RL Notes

Why is RL important?

The underlying goal of RL is to develop a learning system that can learn on its own with little or no external supervision so as not to limit the system’s capability to the external supervisor’s ability. If we use supervised learning to train an agent to play Go using human demonstrations, then by definition, the abilities of the agent can be no better than that of the human demonstrations that were used to train the agent. With RL, the agent is made to explore different paths to reach a search reward. Doing this enables the agent to learn strategies that could not have even been thought of by the human benchmark/supervisor.

Methodology (A game)

Deep RL could be framed by a supervised learning architecture where the image frames of the game are fed into a neural network and the output layer consists of actions, say one neuron for up and another for down in a 2-output layer. Just like in a supervised learning network, each output neuron possesses some probability of its action being executed. Instead of always going for the action with the highest probability(acting greedily), the agent could be made to sample based on these probabilities in order to increase the chances of exploration.

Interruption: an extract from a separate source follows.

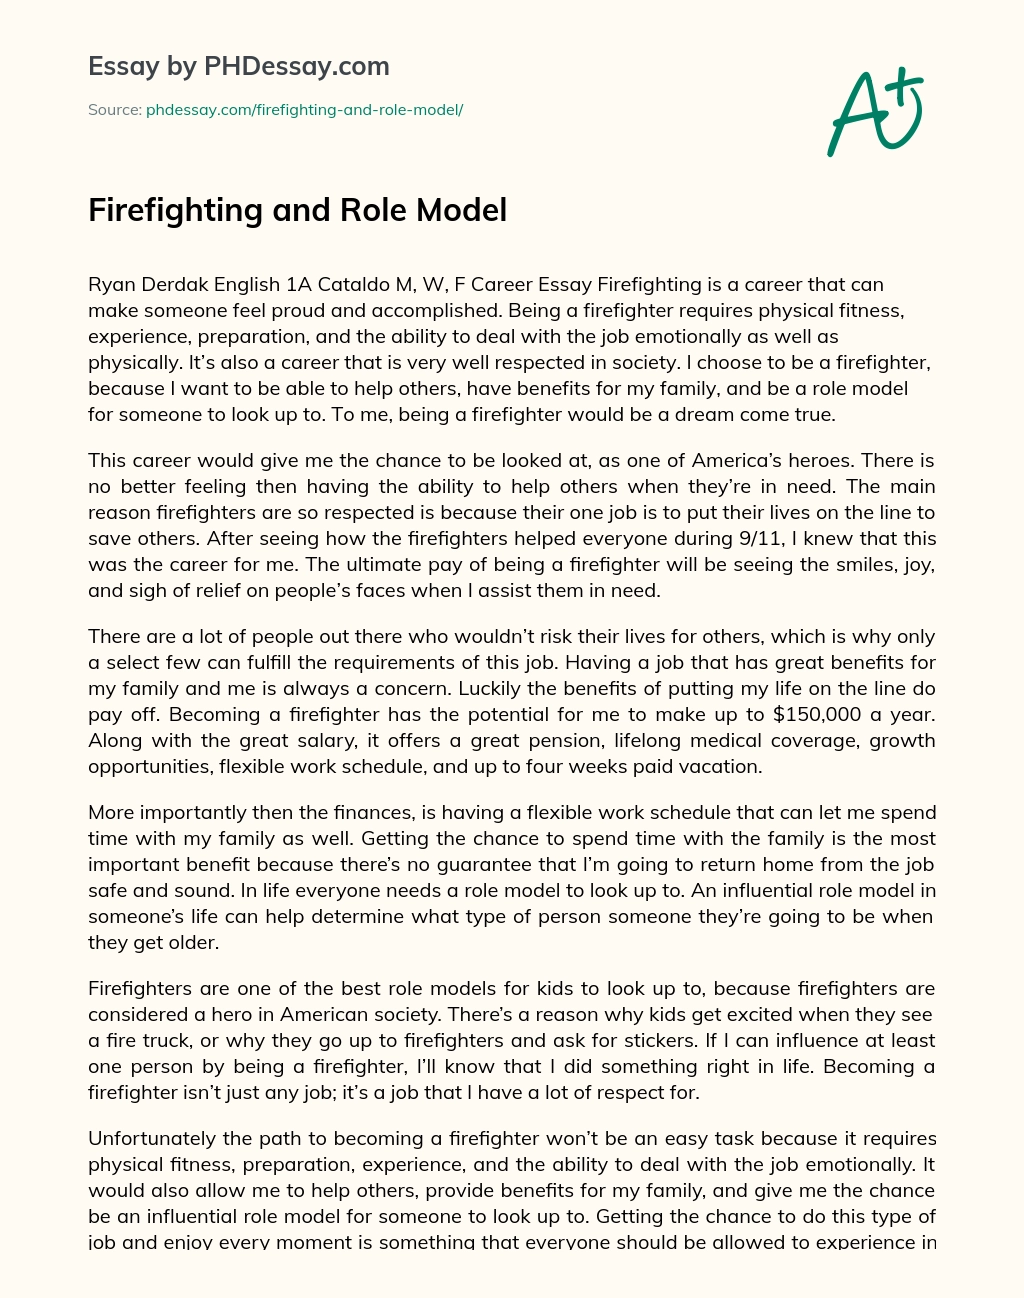 Firefighting and Role Model essay

If the agent reaches the goal, it is rewarded with +1 and if it doesn’t, it is given a -1 reward. The objective function is to amass as much positive reward as possible. Reward is only given at the end of the game. Each complete run of the game is called an episode. Initially, since the agent is just acting randomly, it would probably lose the first few games. But as the agent continues to restart, at some point, a collection of random actions could result in the agent winning the game. When this happens, we can then save the weights and associate the specific frames to those specific actions. Meaning, we can compute the gradients that make the winning sequence of actions more likely in the future. So what policy gradients would do is that, whenever we encounter any of the frames in the winning sequence, we would increase the probability of its corresponding action to be chosen and for the losing streak frames, policy gradient would give it a negative reward to reduce the probability of it being chosen if it is ever encountered.

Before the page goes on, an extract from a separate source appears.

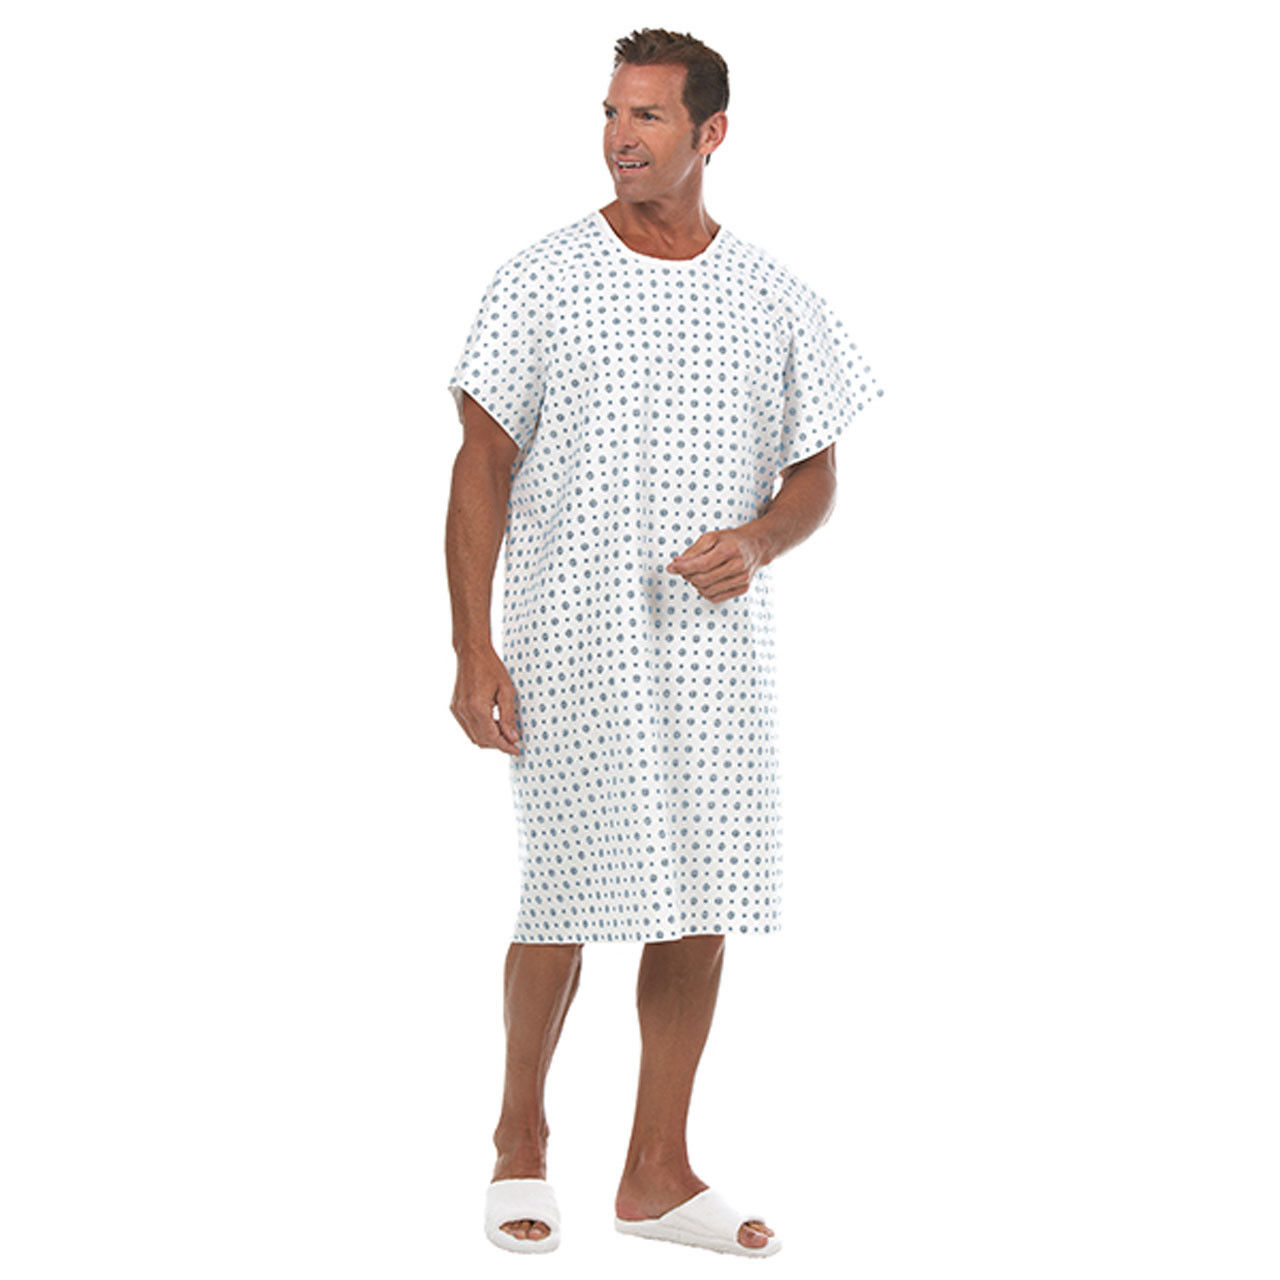 Is wearing bulk hospital gowns comfortable?

As a result, as training progresses, the actions that lead to negative reward are slowly going to be filtered out and those that lead to positive rewards are going to remain. All the knowledge of the good and bad actions given a frame is stored in the weights of the neural network.

The obvious problem with policy gradients from what is written above is that, a single bad action at the end of an episode would cause all the actions in that episode to be tagged as bad actions even if they were all good ones, save the last one. This problem is called the Credit Assignment Problem. The innate cause of this problem is our sparse reward system where we only reward the agent after an entire episode. This is the cause of the Sample Inefficiency problem of RL. The Sparse reward system might in the end work with games like pong but for a game like Montezuma’s Revenge, it totally fails because the sequence of actions the agent is supposed to undertake to get a reward is extremely complex so just an initial random set of actions is likely to never end in a positive reward. Same goes for getting a robot arm to perform a stacking operation. The 7 joints of the robot arm create a high dimensional action space so simply just passing random joint actions to the joint would almost never result in the goal.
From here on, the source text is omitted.